### DATA EXCERPT ###

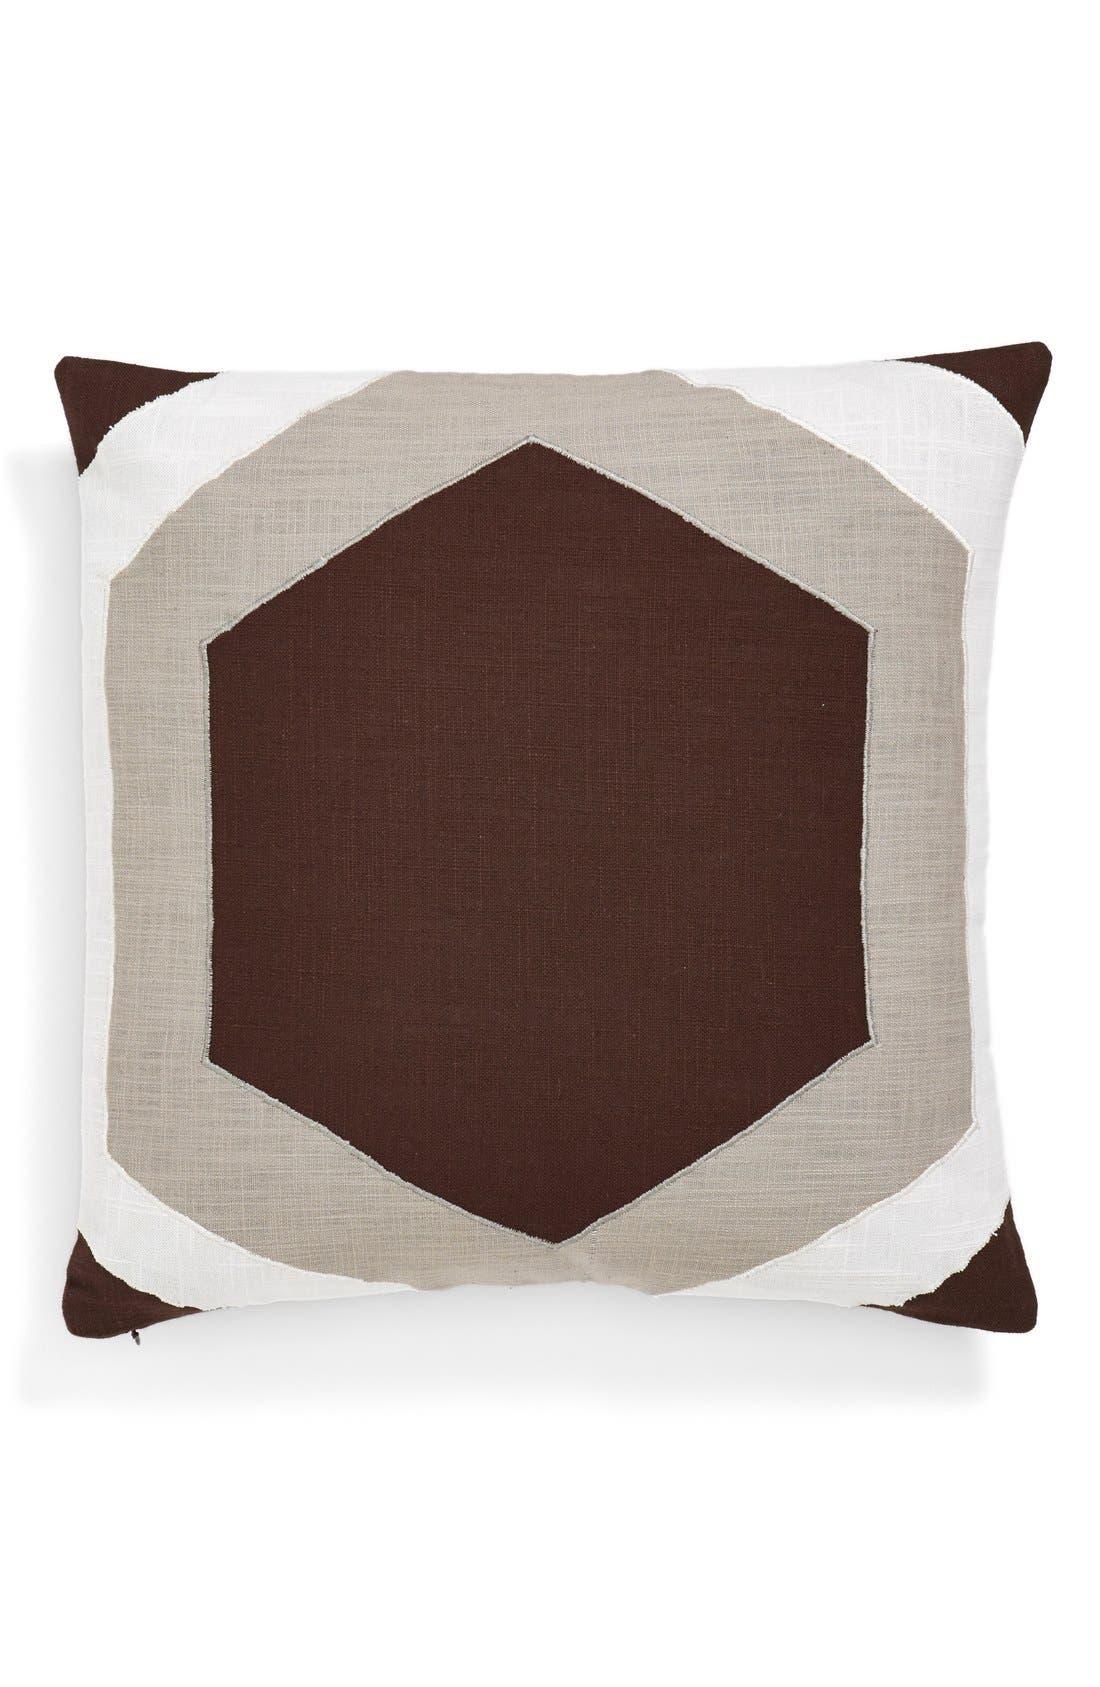 zestt 'Tulum' Pillow
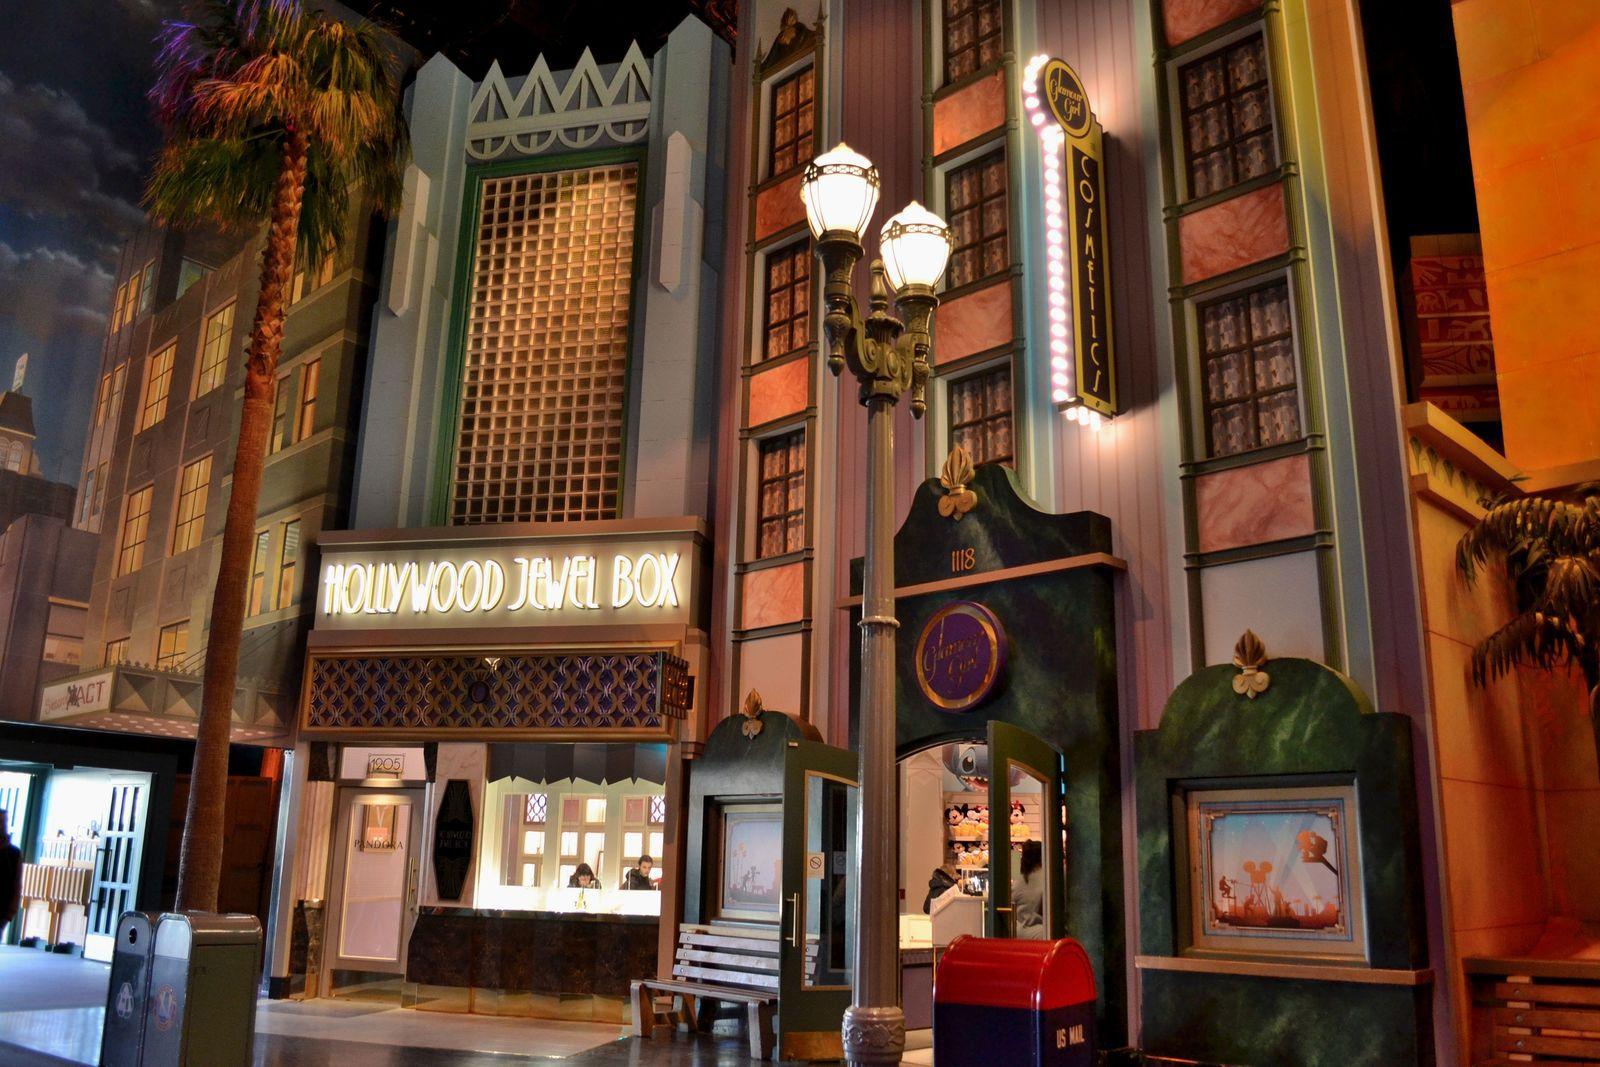 A l'intérieur de Studio 1, le bâtiment se situant à l'entrée et qu'il faut traverser pour accéder au reste du parc. Studio 1 se présente comme un Hollywood mythique tel qu'il aurait pu exister durant l'Âge d'or dans les années 1930, et révèle les artifices des décorateurs avec ses nombreuses boutiques « cachées » derrière de véritables façades de cinéma. Des éléments architecturaux célèbres d'Hollywood sont ainsi reproduits, et un ciel nocturne a été recréé. Sur la photo ci-dessus, un décor de station-service rendant hommage à l'ambiance de la route 66. J'étais littéralement ébahie face à ce spectable, c'était juste trop beau!
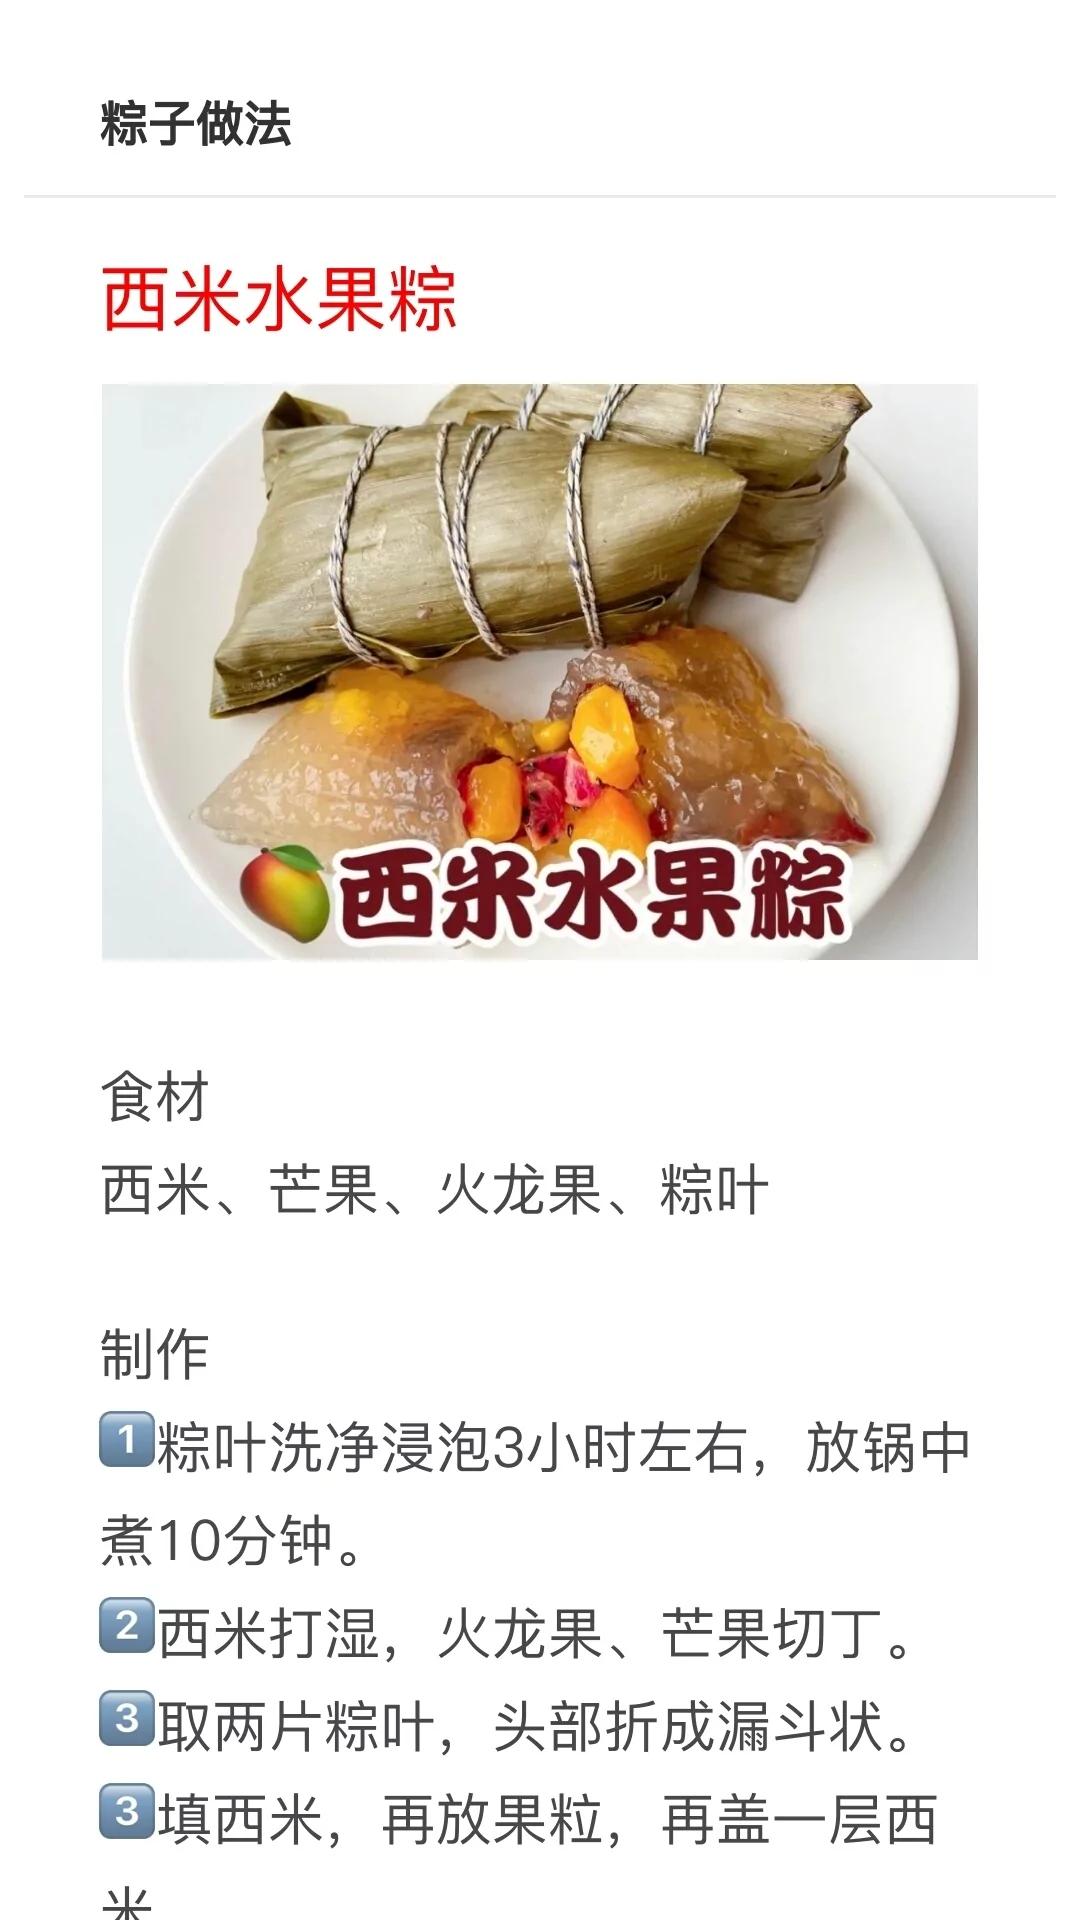 16种粽子的做法及配料!粽子馅配方种类大全,粽子制作方法教程 美食做法 第2张
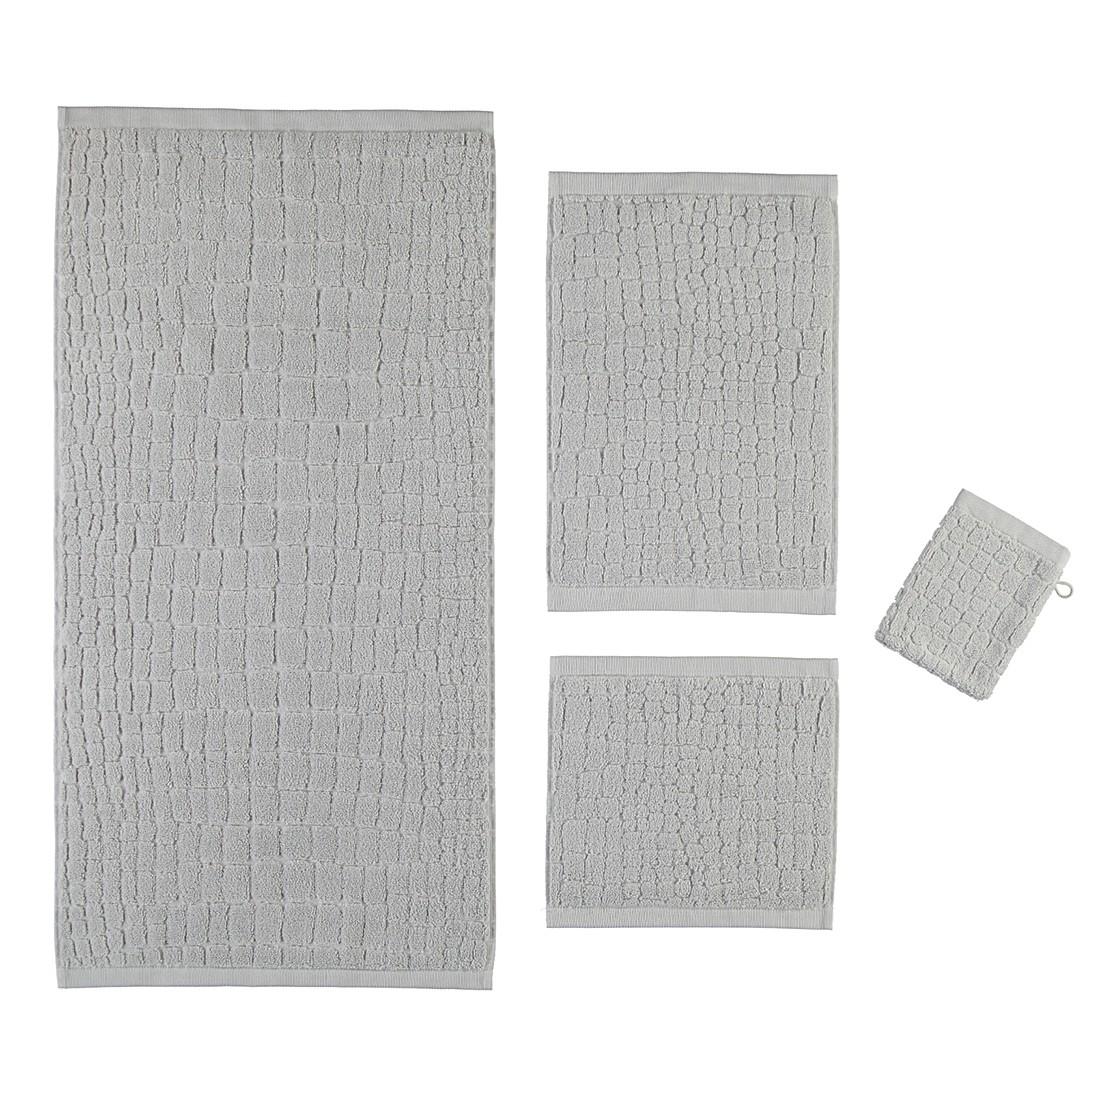 Handtuch Croco – 100% Baumwolle moonlight – 830 – Seiflappen: 30 x 30 cm, Möve günstig

###

Transcribe everything above exactly. Do not include the pictures.

 zestt 'Tulum' Pillow
 A l'intérieur de Studio 1, le bâtiment se situant à l'entrée et qu'il faut traverser pour accéder au reste du parc. Studio 1 se présente comme un Hollywood mythique tel qu'il aurait pu exister durant l'Âge d'or dans les années 1930, et révèle les artifices des décorateurs avec ses nombreuses boutiques « cachées » derrière de véritables façades de cinéma. Des éléments architecturaux célèbres d'Hollywood sont ainsi reproduits, et un ciel nocturne a été recréé. Sur la photo ci-dessus, un décor de station-service rendant hommage à l'ambiance de la route 66. J'étais littéralement ébahie face à ce spectable, c'était juste trop beau!
 16种粽子的做法及配料!粽子馅配方种类大全,粽子制作方法教程 美食做法 第2张
 Handtuch Croco – 100% Baumwolle moonlight – 830 – Seiflappen: 30 x 30 cm, Möve günstig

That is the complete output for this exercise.